» **The problem**
Could you repeat the listing below exactly while leaving its pictures behind?

» **Given material**

Content starts

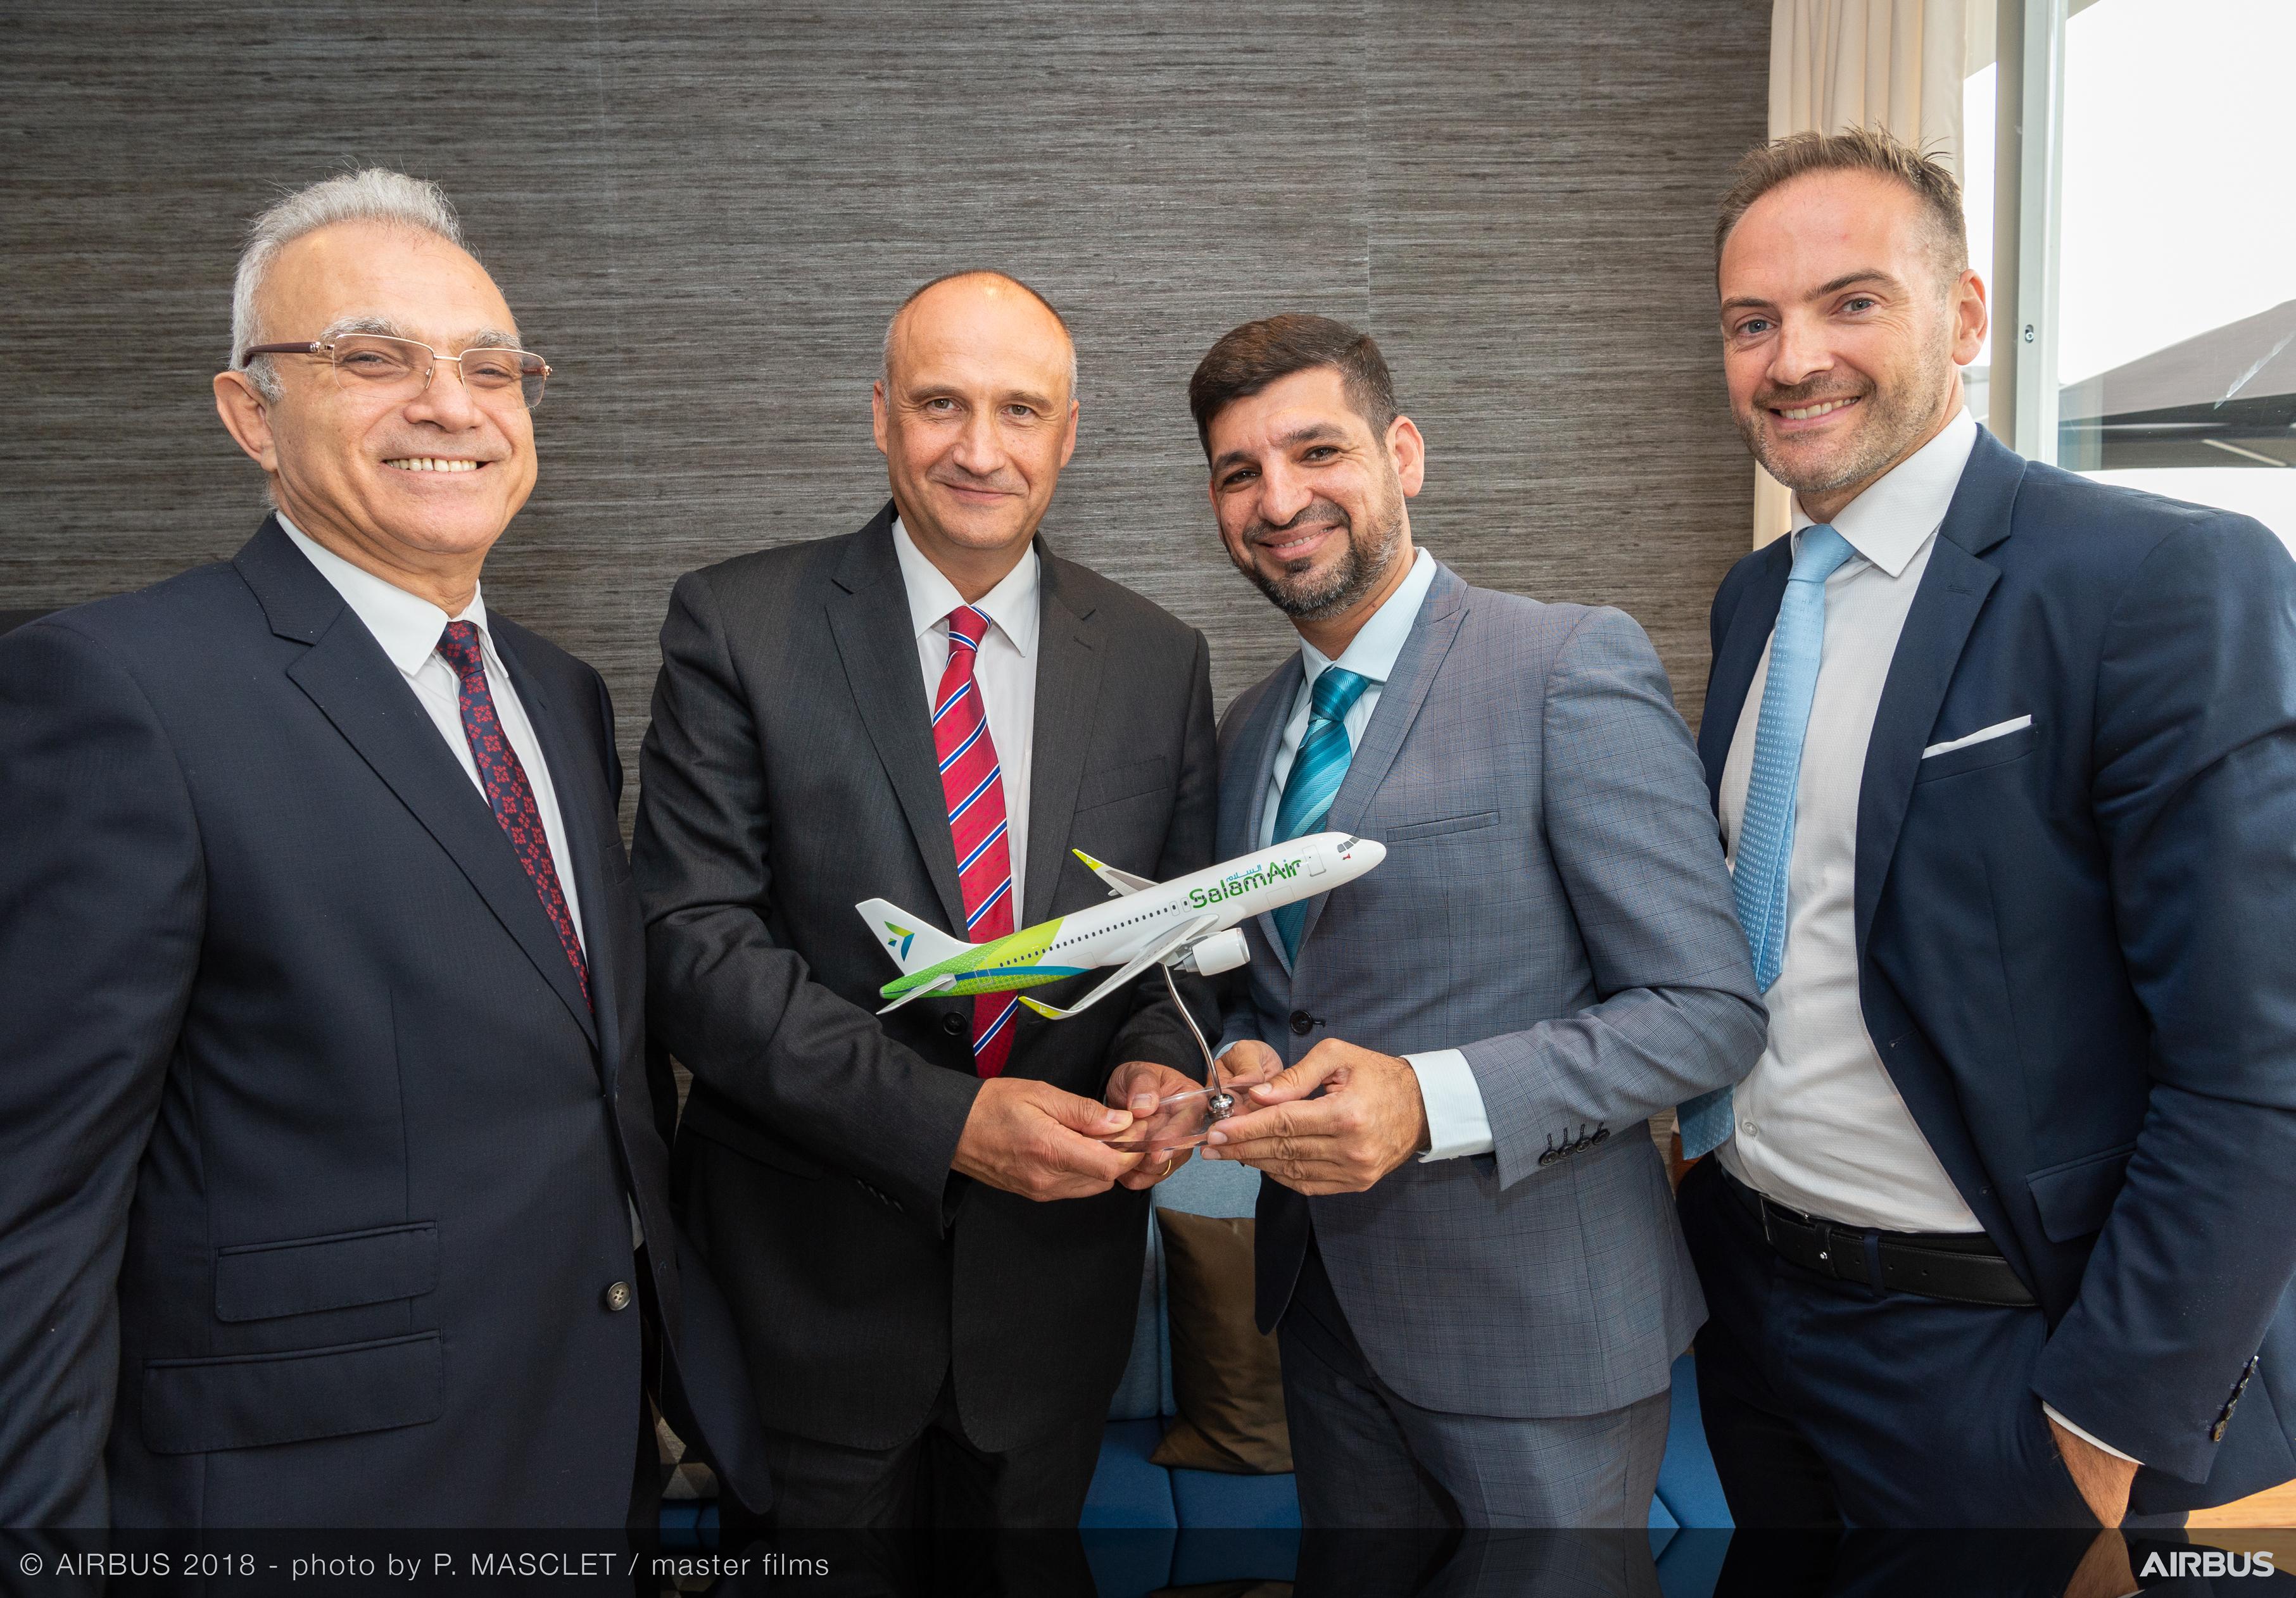 ​SalamAir to add more flights, launch new routes
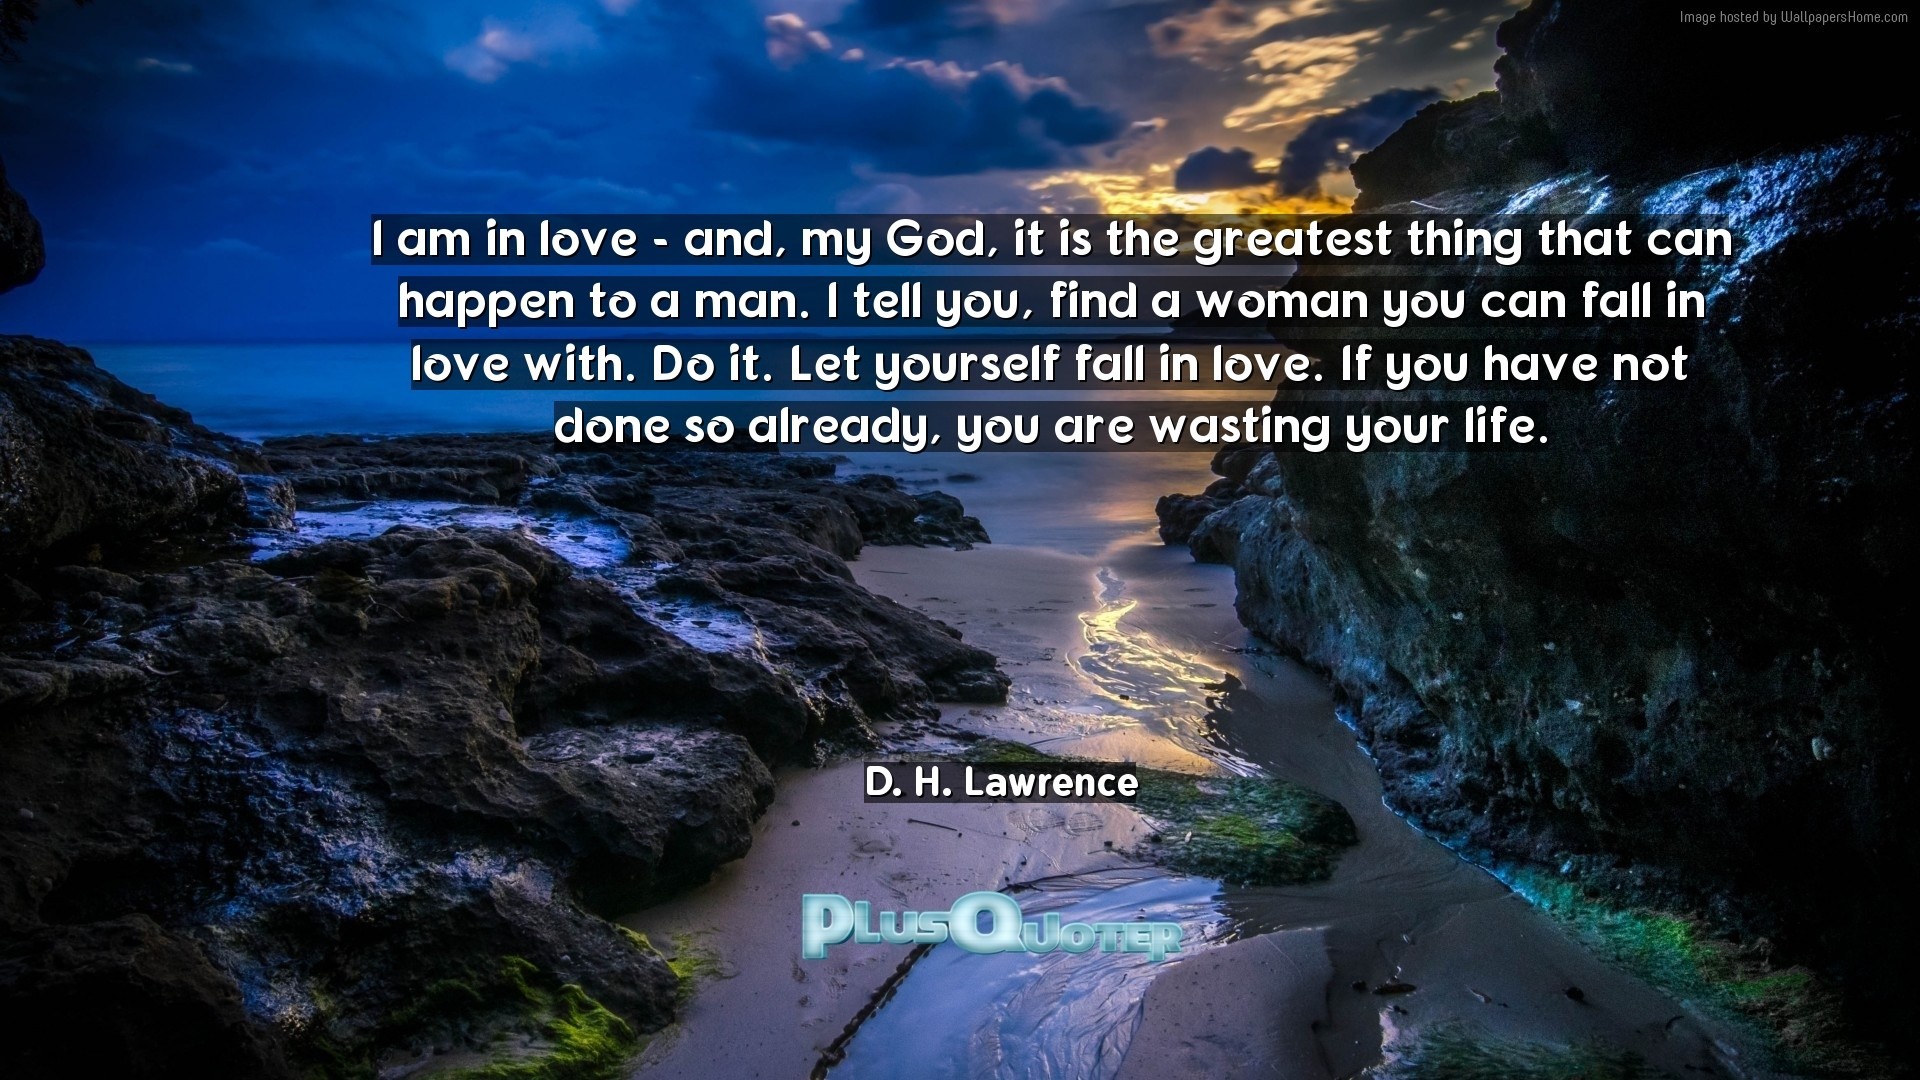 1920x1080 Download Wallpaper with inspirational Quotes- "I am in love - and, my God
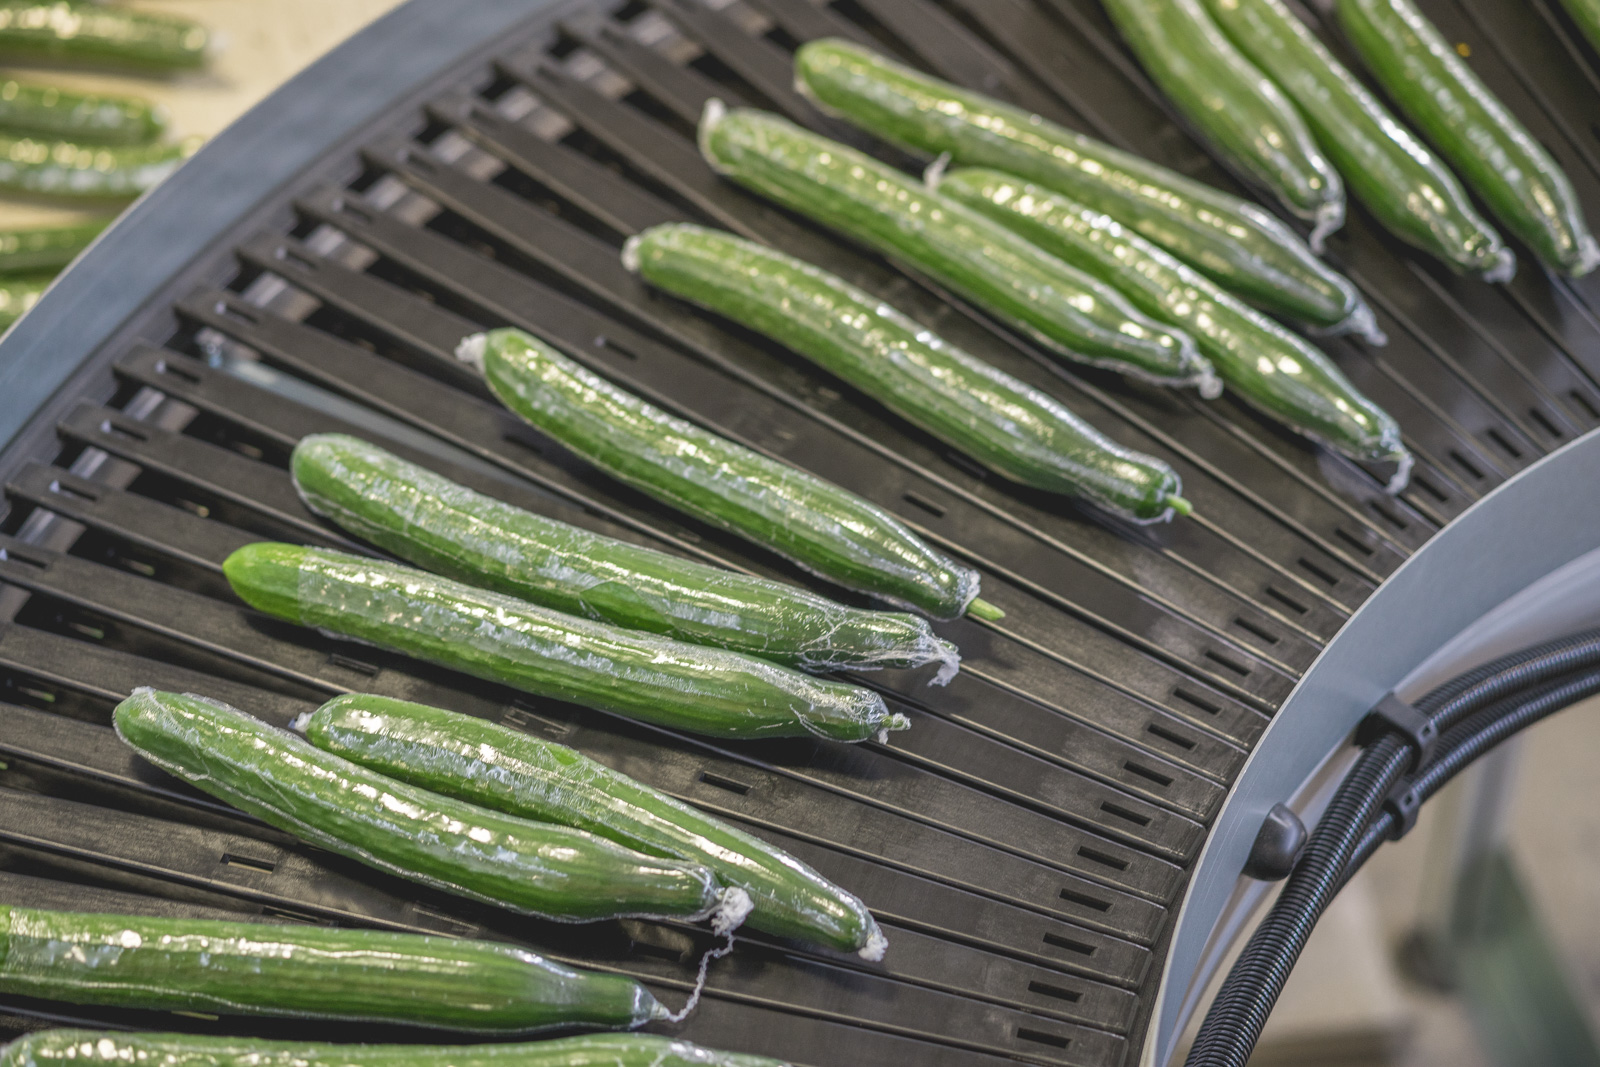 Cucumbers on a packaging line
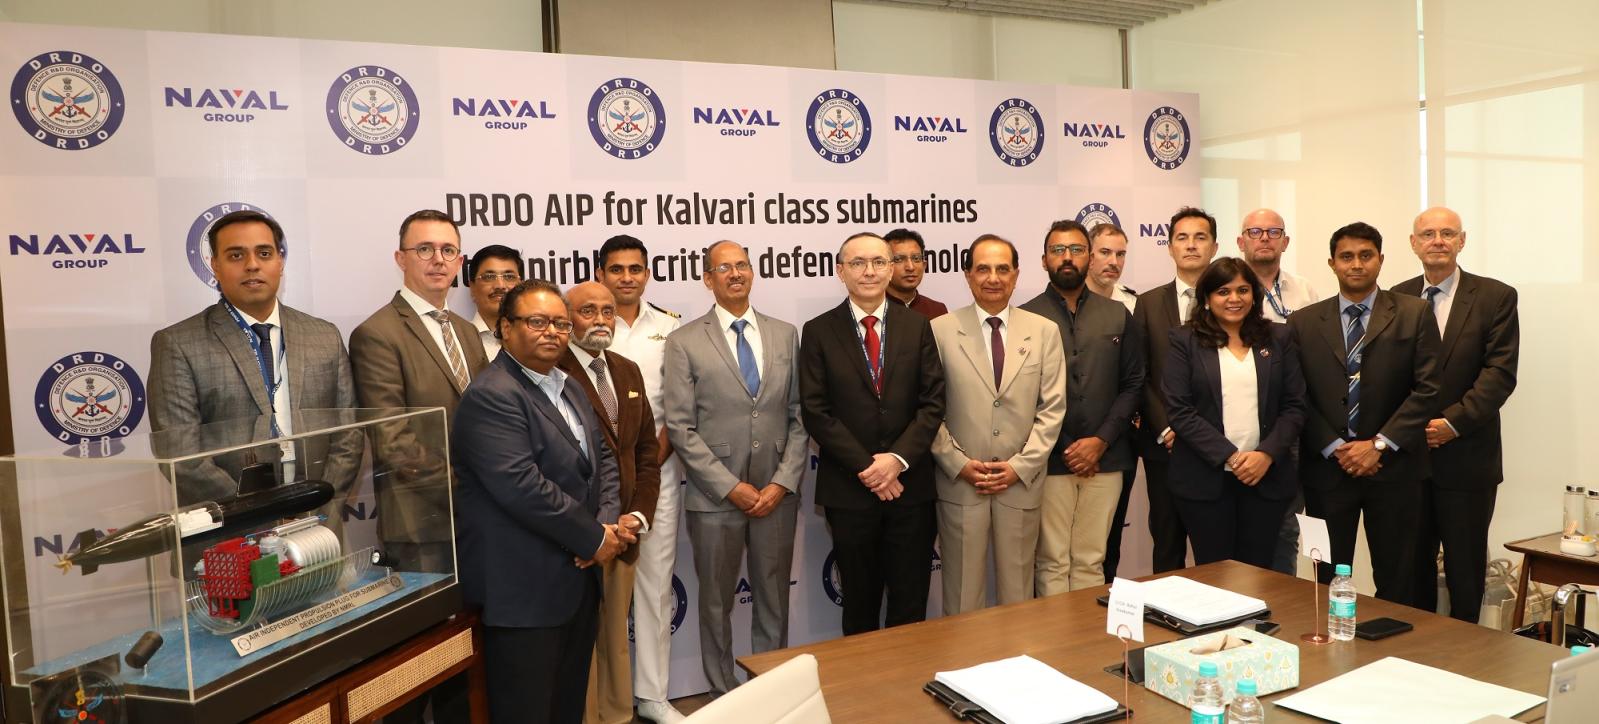 Naval Group cooperation agreement AIP

Content ends

» **Output**
 ​SalamAir to add more flights, launch new routes
 1920x1080 Download Wallpaper with inspirational Quotes- "I am in love - and, my God
 Cucumbers on a packaging line
 Naval Group cooperation agreement AIP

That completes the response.